Он впивается глазами в ложбинку впереди, пестреющую цветами, цепко держится за нее, пока она не мелькнула под лошадью; цепляется за бугорок, быстро бегущий навстречу, и, когда поднимает глаза, видит: в нескольких саженях, взрывая жгутами пыль, катится повозка, но какая-то иная, в чем-то переменившаяся; чего-то недостает. Сзади – пестреющим пятном мгновенное впечатление скачущих по сделавшей петлю дороге.

– Родимый, выноси!..

Широкая спина – одна на повозке, картуз, так же наивно прилегая, скачет сбоку и немного впереди на отвязанной лошади.

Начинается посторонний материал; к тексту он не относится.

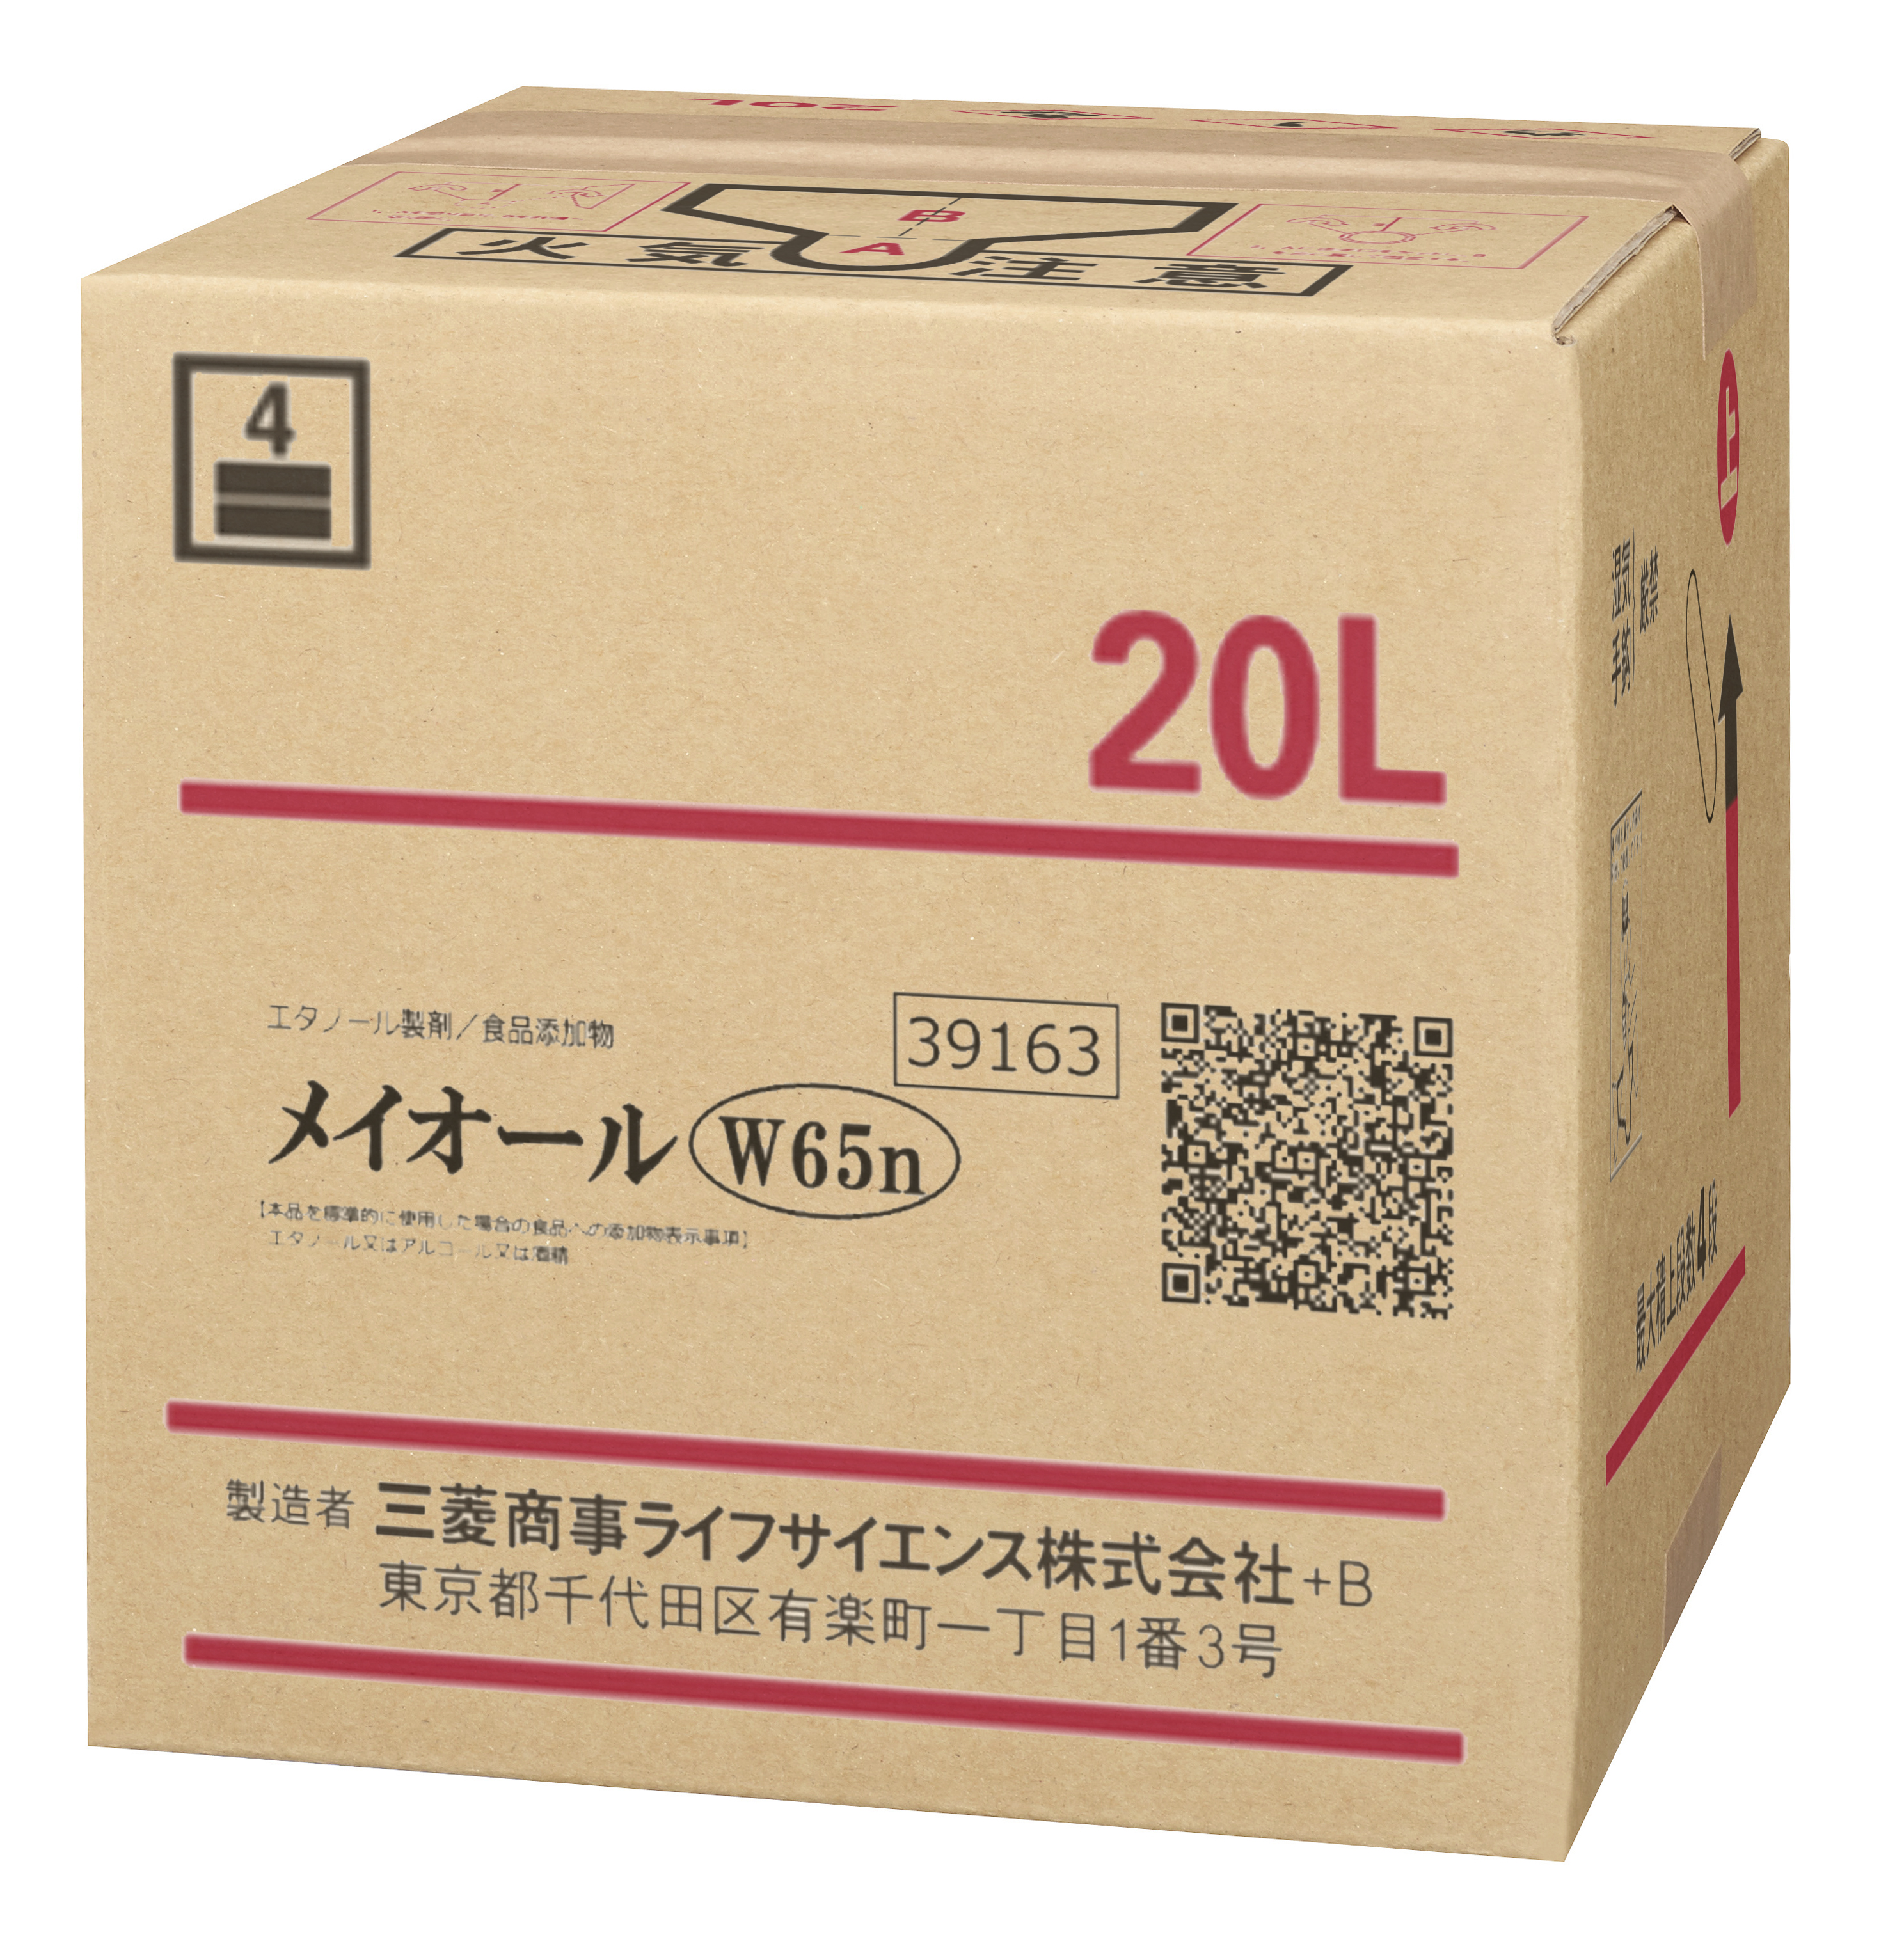 1207円 ランキング上位のプレゼント ミツカン りんご酢20Lキュービーテナー×1本

А рыжий уже не хлещет лошадей, а наклонившись, быстро дергает рукой и взмыленный круп коренника кровавится извилисто-неровно сбегающими полосками, – колет ножом. Лошади в ужасе, белые от мыла, храпя, прижав уши, рвутся из сбруи, и сорванная безумно-встречным ветром пена клочьями лепит в морду маштаку, лицо, бороду и грудь Михайлову.

И этот ужас рвущихся лошадей охватывает и Михайлова.

«Уйдут… Ох, уйдут!..»

Он опускает на секунду глаза на мелькающую траву, как бы давая маштаку возможность собраться с последними силами, и вдруг мимо назад странно неподвижно, не поднимая пыли, проносится возле пустая, без лошадей, повозка, а впереди сейчас же за мордой маштака шатается от скока широкая спина над окровавленно-взмыленным крупом, по бокам уродливо треплются обрезанные гужи, и волочится по траве сбившаяся шлея.

– Ай-ай-ай-ай!.. – кричит Михайлов оборвавшимся тонким бабьим голосом.

Но уже быстро выдвигается сбоку вытянутая лошадиная шея, потом молодое, без злобы, все захваченное скачкой безусое лицо казака, спеет… ближе, ближе, и… толкает круп мокрой от пота лошадиной грудью.

Серый от пыли картуз переворачивается, и на секунду на Михайлова взглядывает не то ребячье, не то старичка с реденькой бородкой, полное не испуга, а удивления лицо, которое как бы спрашивает: «А?.. Уже?..»

И с изумительной яркостью проносящейся картиной вспыхивает перед Михайловым свежее утро с поднимающимся солнцем над зеленеющим лугом… что-то сверлит в ясной утренней дали… и твердое решение: «Нет, и не скажу…» А рядом бежит запыхавшийся, нагнавший: «Хо-хо-хо… ха-ха-ха!.. Архиерей… праведная жизнь… до шестнадцати годов девки… ха-ха-ха-ха!..»

Всей спиной отваливается назад Михайлов, натягивая повода, и маштак садится, крутя головой, на задние ноги.